岩槻の石工・荻原伊兵衛作の四角柱六地蔵石塔
大平山 芳林寺 埼玉県さいたま市岩槻区本町1丁目7−10
東武鉄道野田線・岩槻駅の南、直線距離にして約300mのところにある曹洞宗の寺院。
岩槻城主・太田氏ゆかりの寺で境内墓地には太田氏資の供養塔があり、境内には太田氏資像、太田道灌像が造立されています。
山門に至る参道の右手は広い空き地?になっており、参道脇に「不許葷酒入山門」の石柱が建っています。
山門の右に六地蔵が雨屋の中に祀られ、その横に「右 日光御成街道」の道標が建っています。
墓地は本堂左に広がっていますが、その入り口の立派な基壇の上に左から宝珠に錫杖姿の地蔵立像、小さな坐姿地蔵?、四角柱六地蔵塔が安置されています。
訪ねた目的はこの四角柱六地蔵塔です。
宝珠+笠+塔身+台石で構成されていて、総高200cm弱の石塔です。
四角柱の塔身の三面にそれぞれ龕を作り、その中に2体の地蔵立像が浮き彫りにされています。
像容は正面が幢幡持ちと合掌、右側面には宝珠に錫杖持ちと柄香炉持ち、左側面には数珠持ちと宝蓋持ちの姿です。
蓮台は多くの蓮弁を持つ蓮座、敷茄子、変わった模様の反華からなっています。
衣の襞は柔らかく流れるような線を描いており、持物を持つ手の表情も細かく作られています。
持物は宝蓋は深く厚みを出して作り、上飾りの鳳凰、卍模様など丁寧に作っています。
また、幢幡はいかにも風に靡いているように表現され、錫杖は小さいながらも頭部の音を出す環、小環が丁寧に作り出されています。
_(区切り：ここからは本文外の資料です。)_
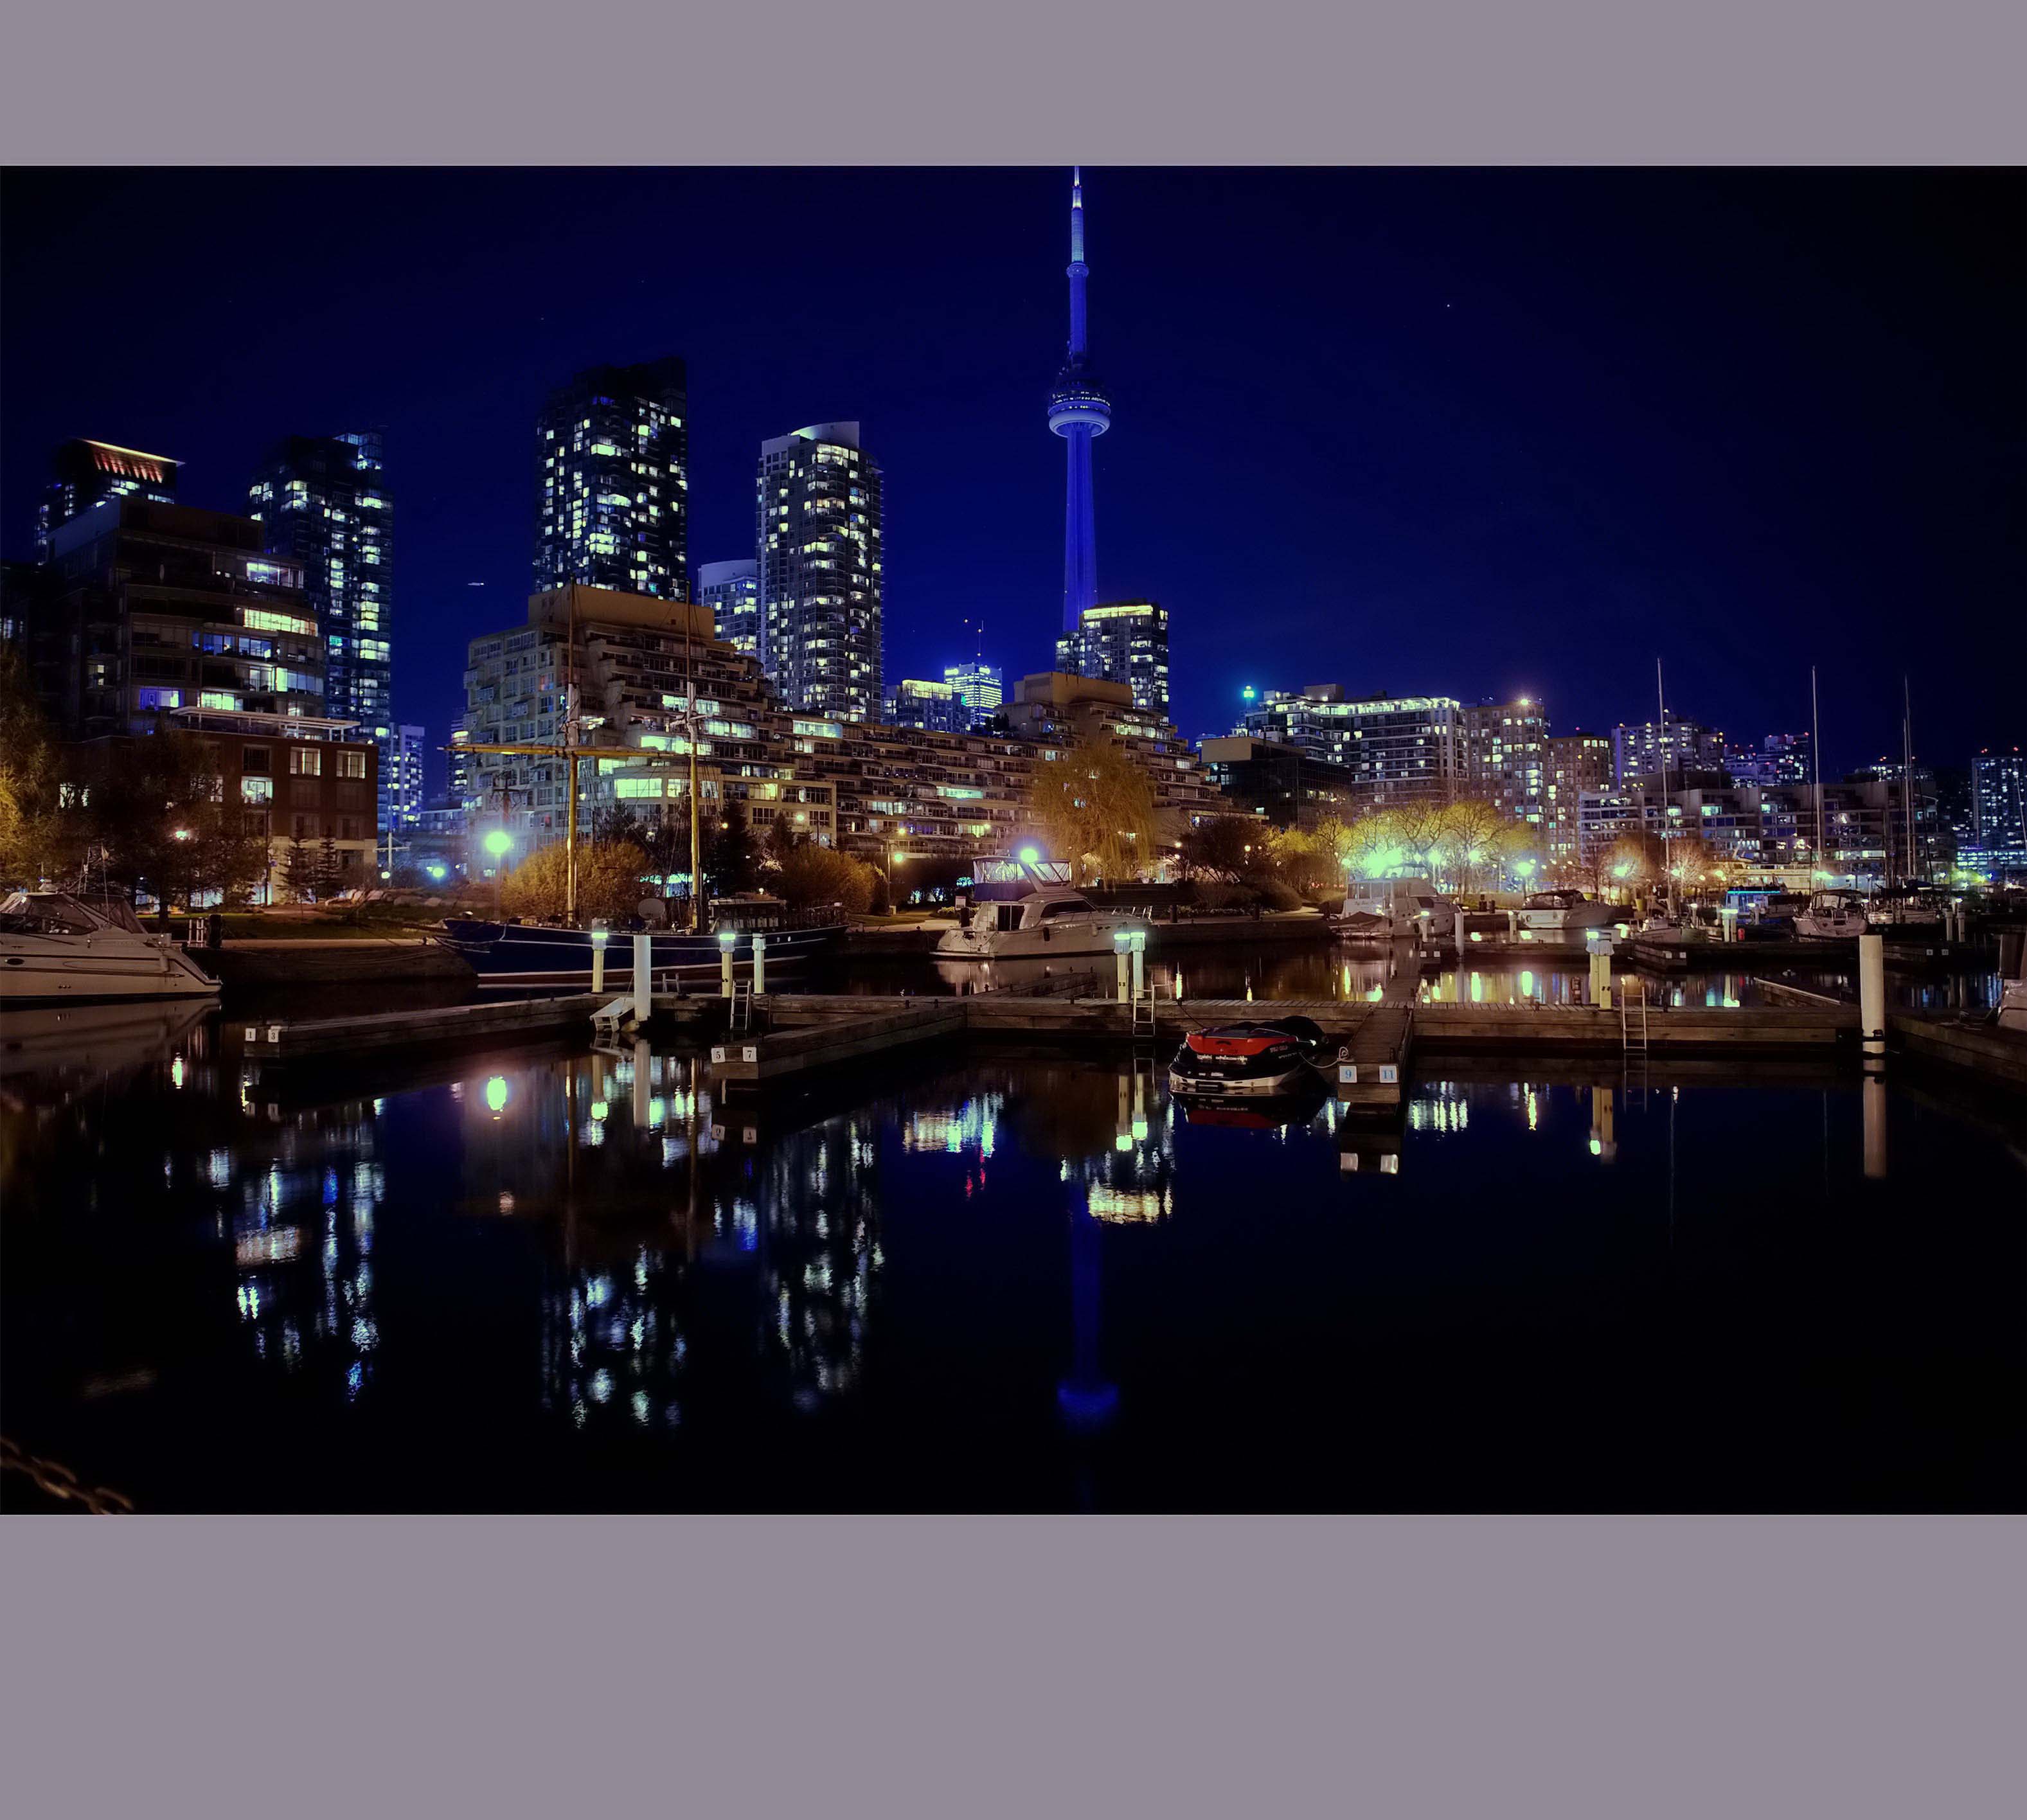 【加拿大风光】多伦多城市夜景 Spectacular Night Views of Toronto_哔哩哔哩 (゜-゜)つロ 干杯~-bilibili

さらに地蔵の表情です。六道で迷う魂に手を差し伸べようとする穏やかで優しい作りになっています。
地蔵像、持物、蓮台などどこを見ても細かな美しい彫りだったと思われますが、風化が進んでいて彫りの描線が甘くなってしまっています。
また、日当たりの悪い正面、右側面は風化の進み具合が酷く、また白カビ、黒カビに責められています。
比較的彫りの美しさ、細かさが保たれている左側面の地蔵をアップにしてみました(右写真)。
塔身裏面には大きく「市宿町/寛政九(1797)丁巳霜月吉日/講中」と刻まれており、左下隅に小さく「石工萩原伊兵衛」の文字が見えます(右写真)。
さいたま市立浦和博物館の調査によれば、萩原伊兵衛は現在の岩槻区本町に居住していた萩原姓を名乗る4人の石工の一人だったそうです。
岩槻の石工として名前が知られているのが田中武兵衛です。こちらは作品に名前を残す場合は「林道町石工 田中武兵衛」または「林道町石工 武兵ヱ」と刻んでいます。
作品としては見沼区片柳・常泉寺近くの路傍にある庚申塔、見沼区片柳・大宮聖苑近くの路傍にある庚申塔の2基が作者名の刻まれたものとして知られています。
田中武兵衛は萩原伊兵衛よりわずか後に活躍したようです。関東一の石工であったと言われています。
いずれにしても田中武兵衛と並ぶ岩槻の名工の作品に会えたのは嬉しいのですが、他の石造物も同じで風雨に晒されて風化、破損が進んでいくのが寂しい気がします。